• **Data**
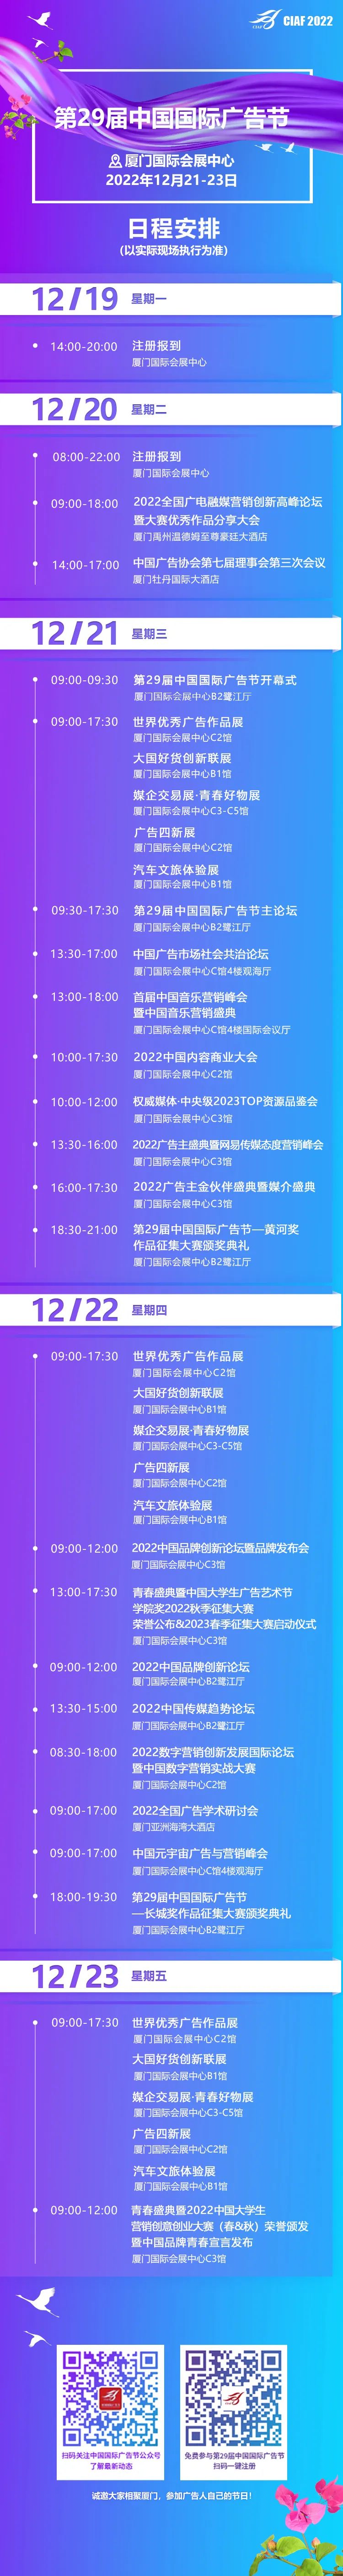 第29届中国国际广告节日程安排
...
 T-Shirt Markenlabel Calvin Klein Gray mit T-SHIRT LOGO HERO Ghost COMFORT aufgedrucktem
--
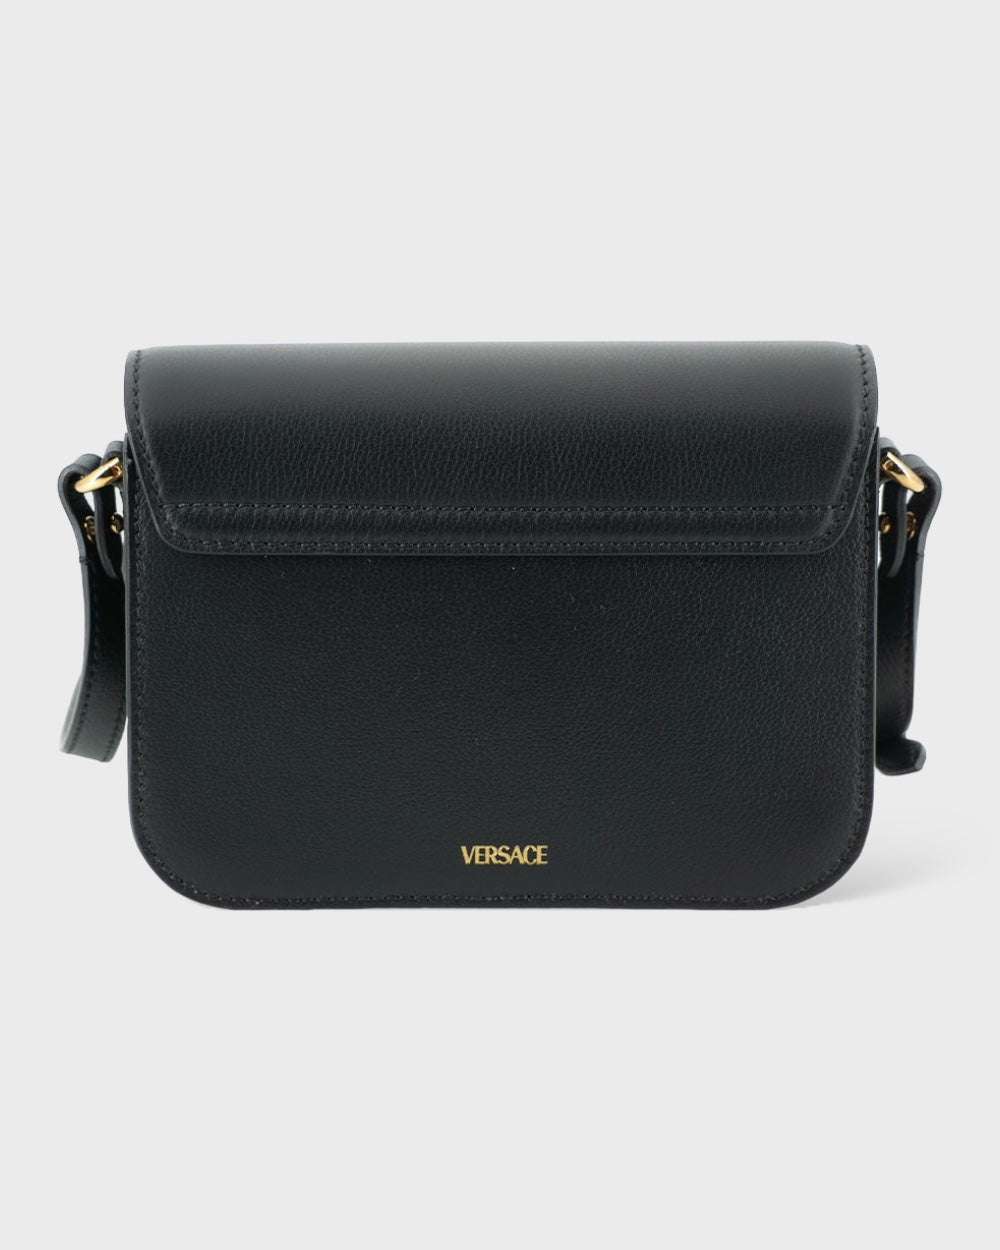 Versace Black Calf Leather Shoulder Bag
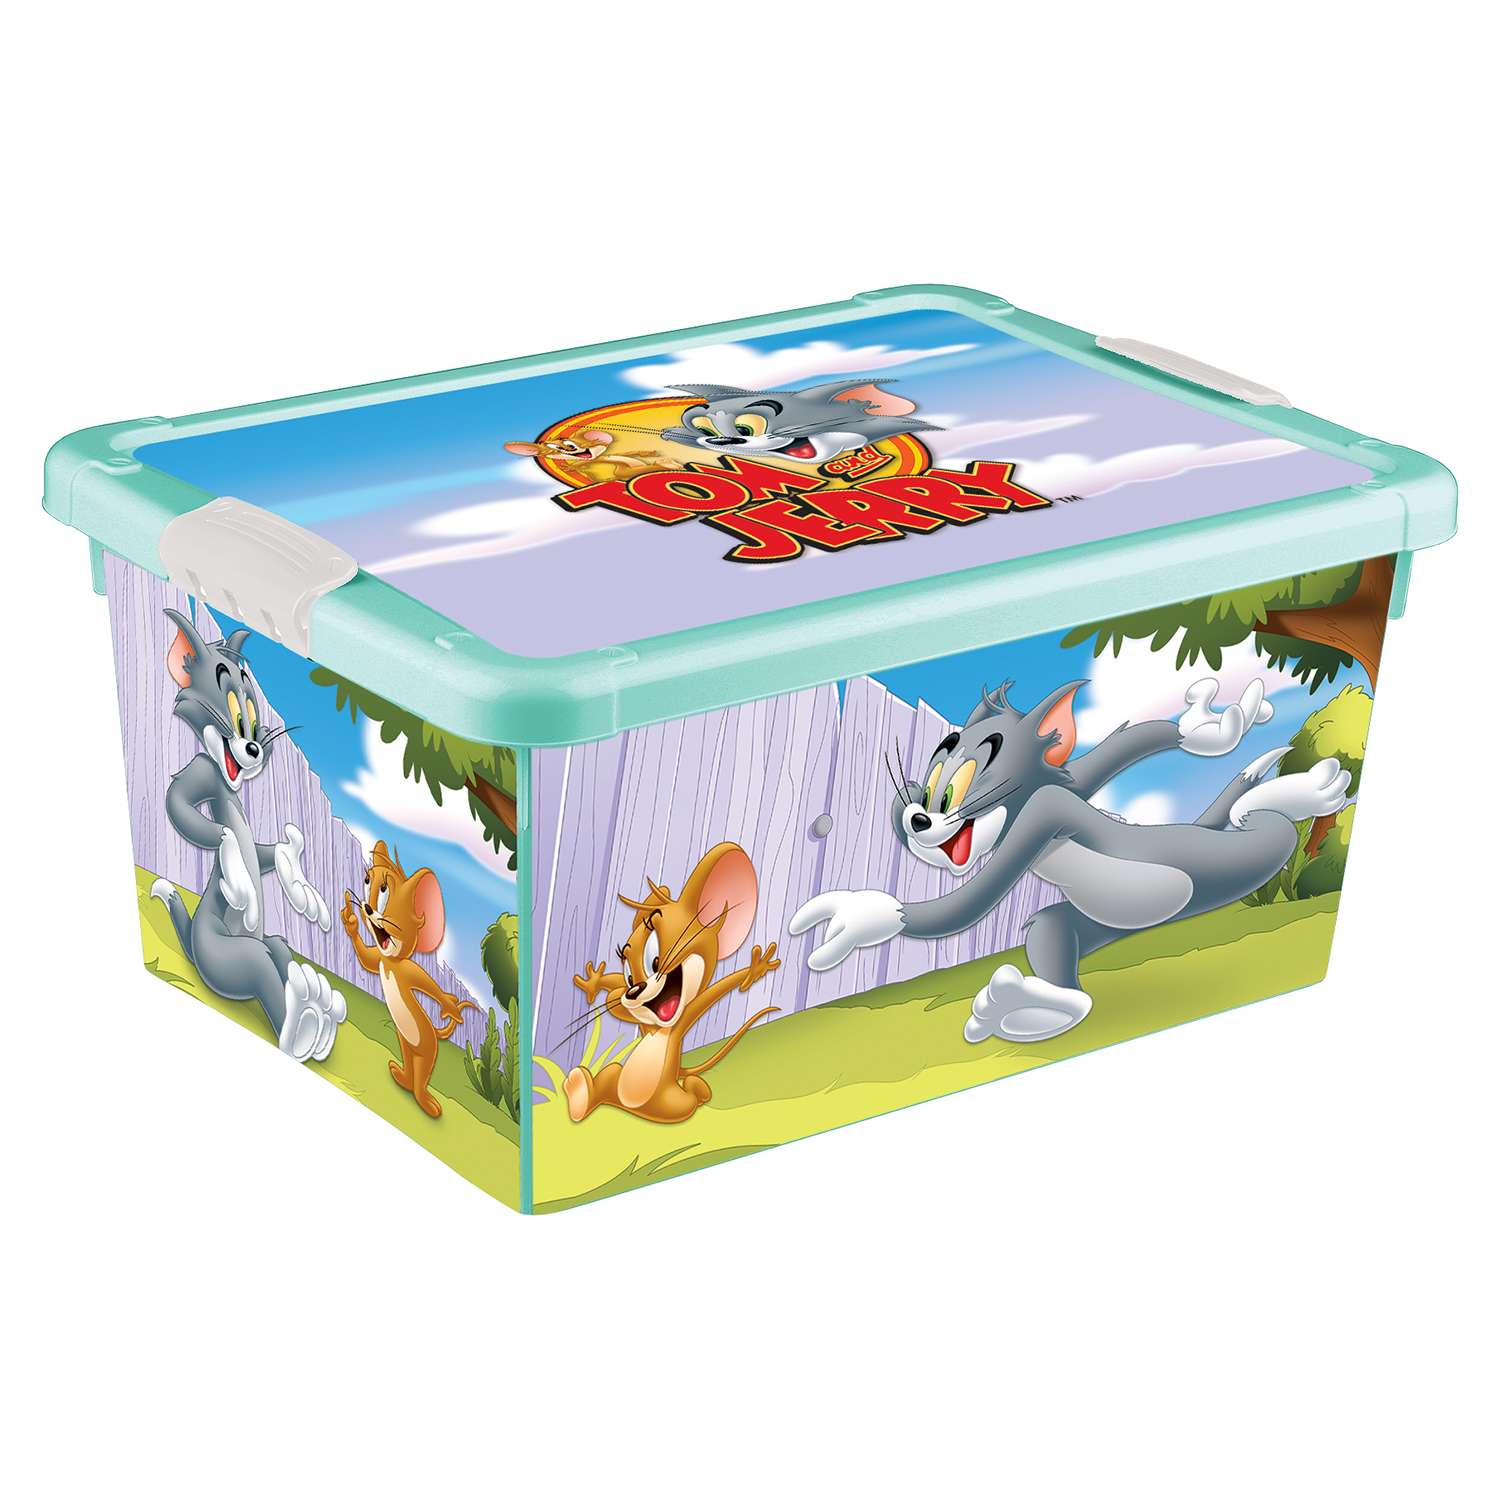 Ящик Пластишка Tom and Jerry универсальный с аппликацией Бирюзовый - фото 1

• **Directions**
Starting at the line above that contains "Versace Black Calf Leather Shoulder Bag", transcribe every line exactly through the line that contains "Ящик Пластишка Tom", including that last one, and skip the pictures.

• **Answer to this task**
 Versace Black Calf Leather Shoulder Bag
 Ящик Пластишка Tom and Jerry универсальный с аппликацией Бирюзовый - фото 1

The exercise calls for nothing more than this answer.